High-Integrity Commitments

“Good teams make high-integrity commitments after they've evaluated the request and ensured they have a viable solution that will work for the customer & the business. Bad teams complain about being a sales-driven company.”

It’s not the most fun thing to say or acknowledge, but almost all businesses (so also Awell) have situations where occasionally something important needs to be delivered by a specific deadline. We should be minimizing commitments, but there can always be commitments needed in order to effectively run the company.

How can we do this in an efficient way that sets us up for success?

What’s a High-Integrity Commitment (and what’s not)

A couple of guidelines or principles of what’s not a High-Integrity Commitment:

  • Product feedback and feature requests from users

  • Bugs as they have their own prioritization & response framework

  • A simple task you have to get done to get you unblocked

Signs of when something is potentially a High-Integrity Commitment

  • If we don’t do the work, it would have major consequences for Awell or the customer (eg: losing a customer, them not being able to go live, not being able to sign a customer, …). It’s not that these things make it automatically a High-Integrity Commitment, we still reserve ourselves the right to not do things because of reasons, but it’s worth considering it.

  • It requires an intervention in the product (actual product work)

Guide to High-Integrity Commitments

Step 1: Buy time

Not just for the sake of buying time, but we feel much safer committing to something when we understand the problem and know if and how we can solve it. Commitments are often made too early, even before we understand the problem and whether we think we'll be able to solve it.

Takeaways:

  1. Discovery helps de-risking commitments

  2. Ask the customer to give us a little time to discover and investigate a potential solution

Step 2: Make a commitment

Once we identified a solution that will work for the customer & the business, we can now make an informed and high-integrity commitment about when we can deliver and what the expected business results will be.

Principles

Don’t make date-based commitments for regular product work

Committing to dates should only be done for high-integrity commitments, not for “regular” product work.

Why?

  • Building software takes time, it’s like running a marathon. There’s already enough pressure to deliver good software and there’s absolutely no value in adding deadlines.

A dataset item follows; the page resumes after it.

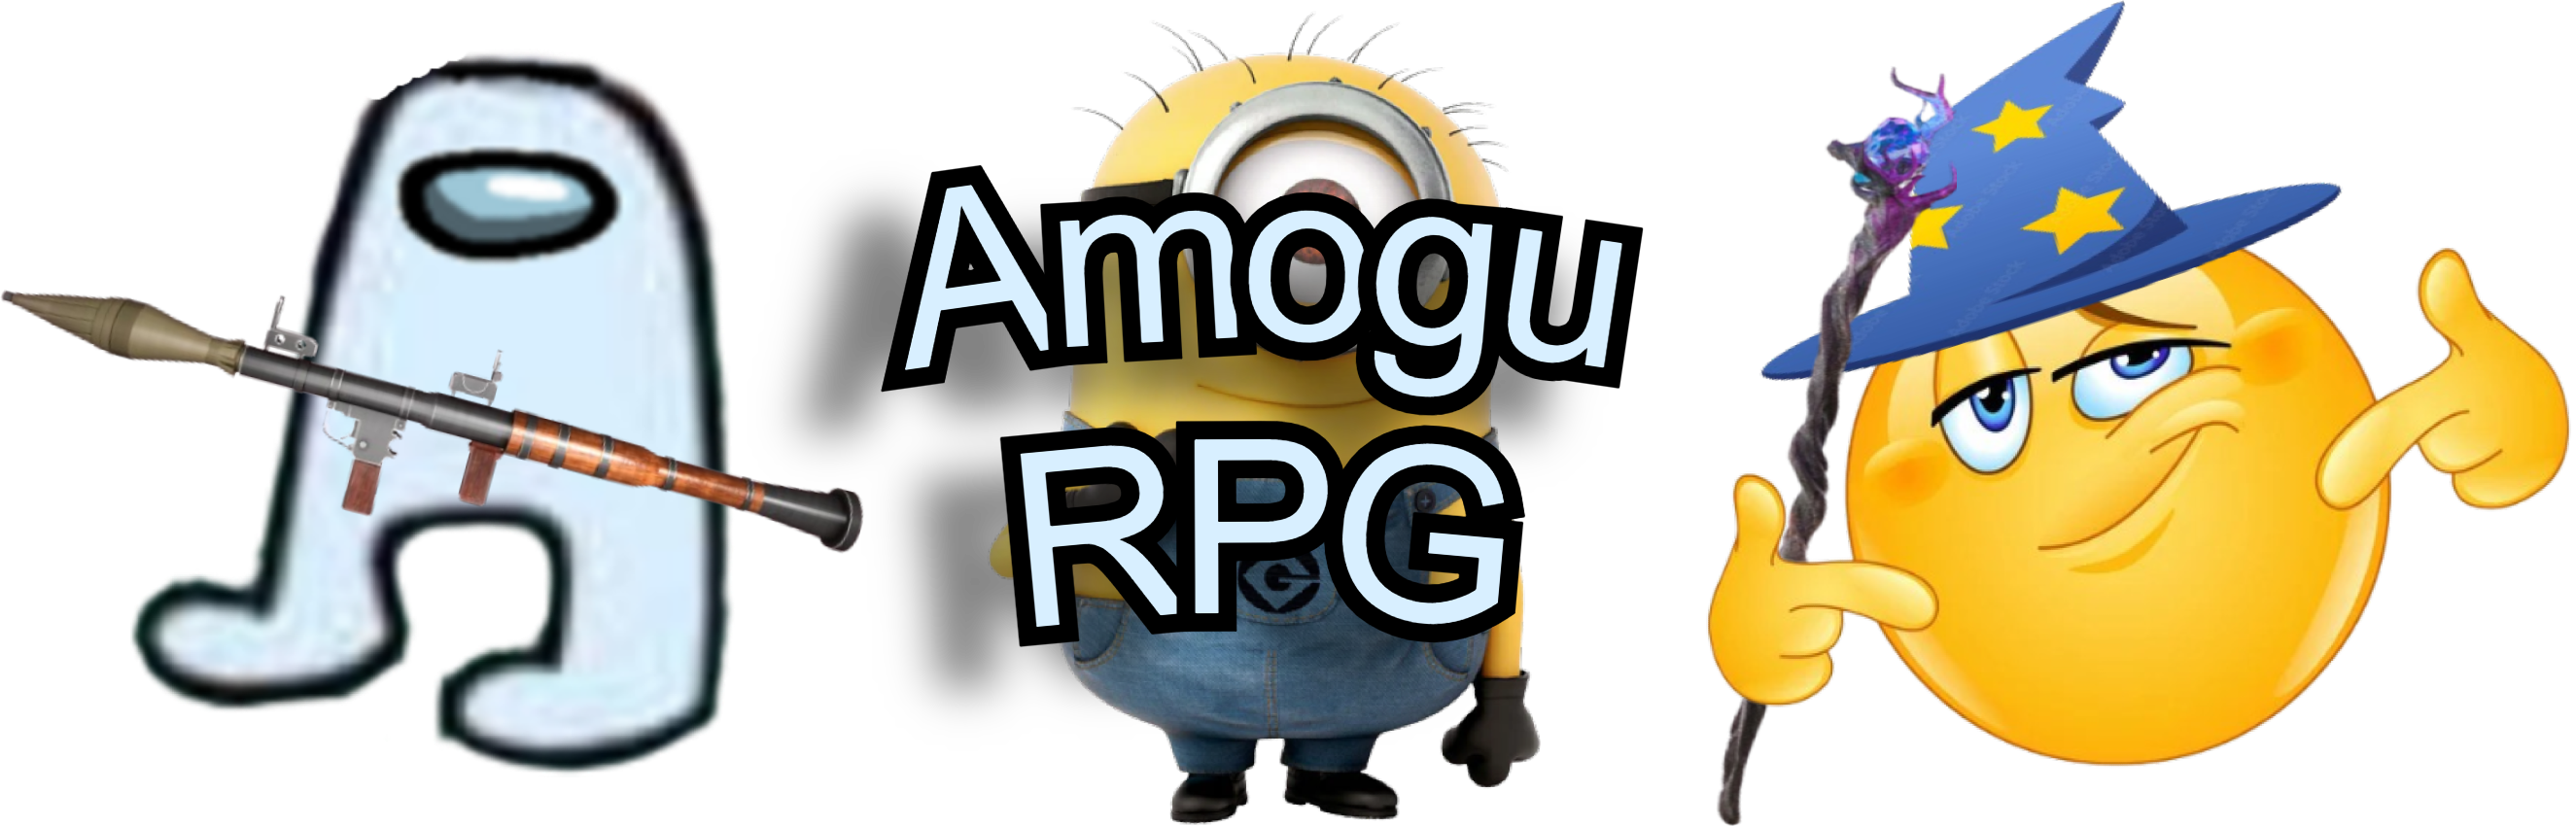 Amogu RPG
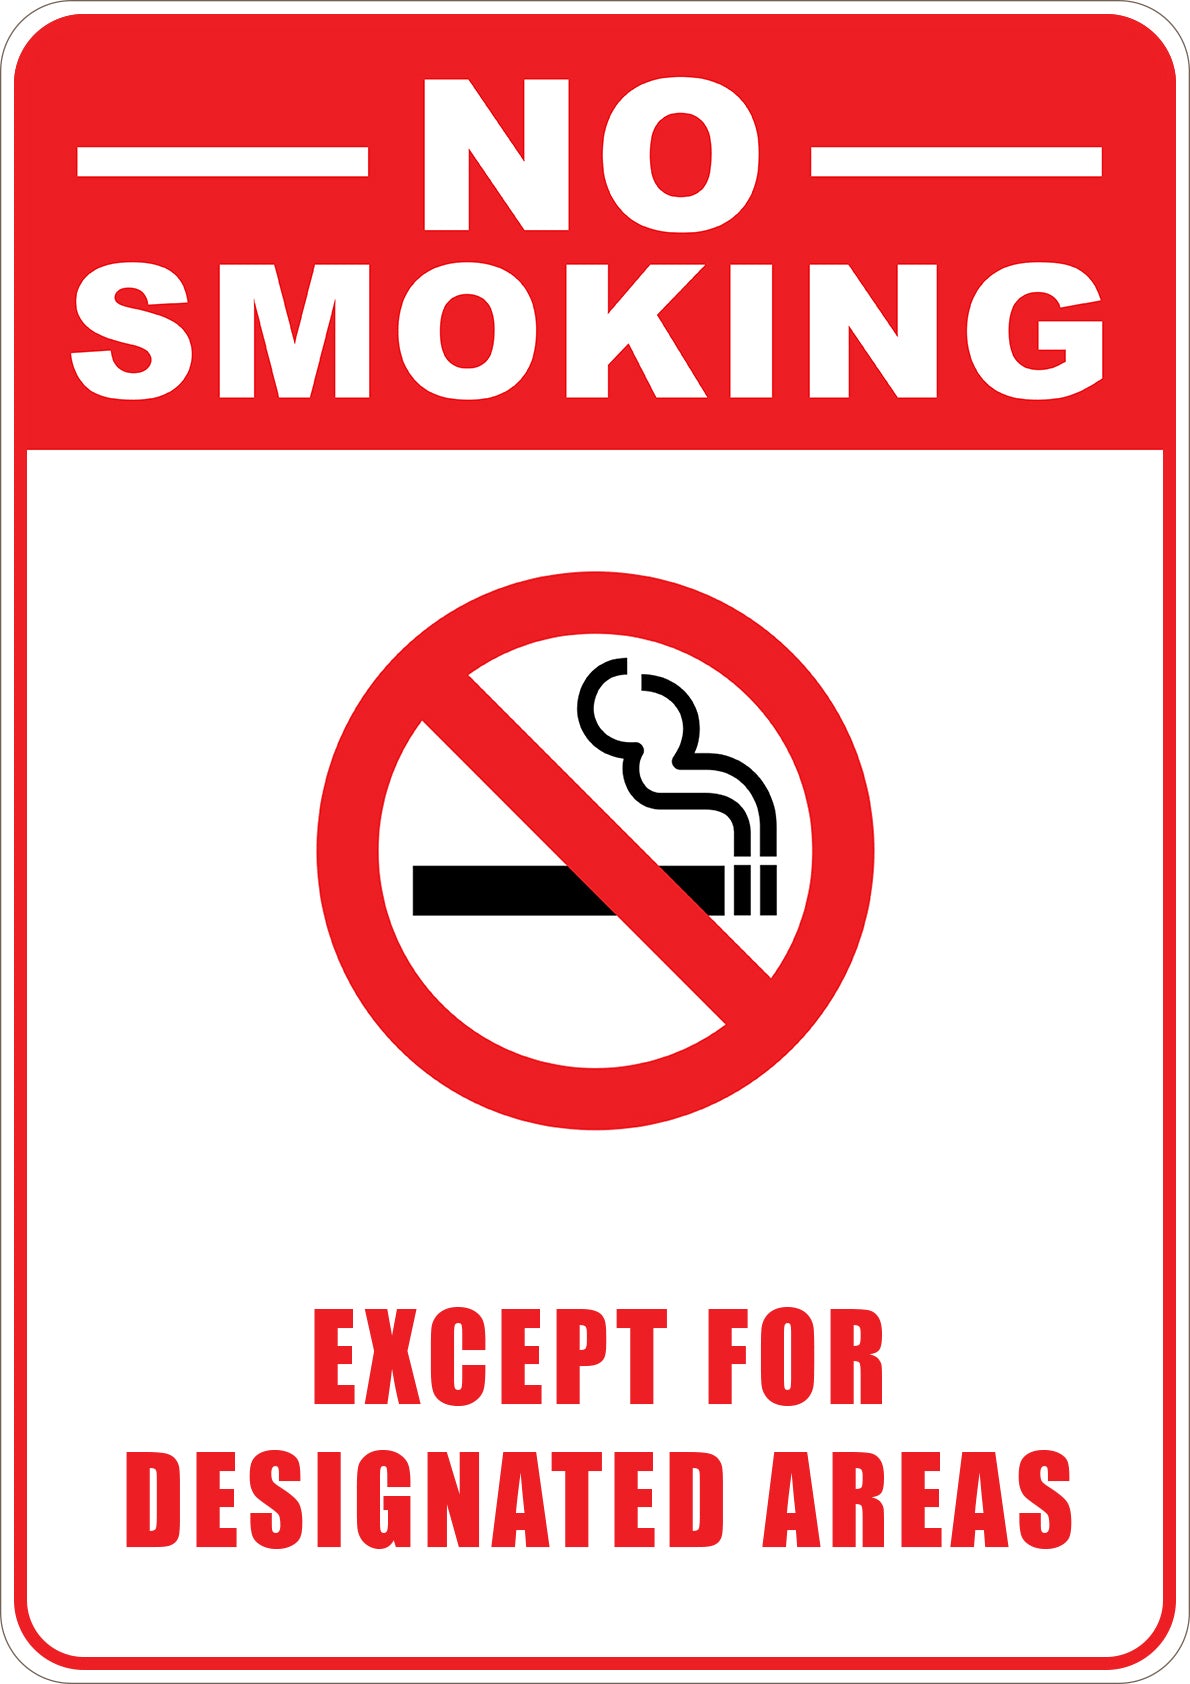 No Smoking Except for Designated Areas.

  • Regular product work follows a cadence of roughly 6 weeks where projects can either be of a small appetite (2 weeks) or big appetite (6 weeks). This means that at most, the release of something that is known we will deliver is a maximum of 2 or 6 weeks out. Those timelines should be short enough to give perspective without falling into the trap of “when is this exactly released?”.

  • Underpromise and overdeliver. If you have to say a project is 6 weeks out for release but then actually we release it 2 weeks early, then we are giving our customers a nice

But what should we do when a customer asks when a certain feature or project will be released (assuming it is in the current cycle)?

  • We can tell them we expect it to be released by the end of the cycle and if appropriate, we can give some nuance about small & big appetite projects (2 vs. 6 weeks out).

  • We don’t say any dates or weeks but we can provide some directional guidance (eg: end of the Month, end of the quarter)

| Commitments are binary

We either deliver what we promised or we don’t. When a high-integrity commitment is made, we expect it to be delivered. At the first sign of trouble, we should raise the flag and inform the team.

Accountability & Alignment

Given the importance, nature, and impact on the team of high-integrity commitments, leadership (CEO, Head of Engineering, Head of Product) must personally agree to each high-integrity commitment because there’s a reputation at the line and maybe even more importantly, potentially a relationship with a customer/partner, or even legal consequences.

The exception and not the rule

High-integrity commitments should be the exception and not the rule. Otherwise, it’s a slippery slope and has the risk of becoming a roadmap in disguise - and even worse, is externally controlled .

Traps

Too many commitments

If we have too many of these date-driven commitments, it is probably a sign of more serious issues and then we should take a step back.

List of High-Integrity Commitments

We actively keep track of our High-Integrity commitments (internal only).

Why?

  • So we know how many High-Integrity Commitments we make.

  • These commitments and the corresponding trade-offs are visible to everyone in the company.

  • The decision to make (or not make) a High-Integrity commitment is documented & reasoned about in full transparency whereas previously it was often not known why certain things were done (or not done).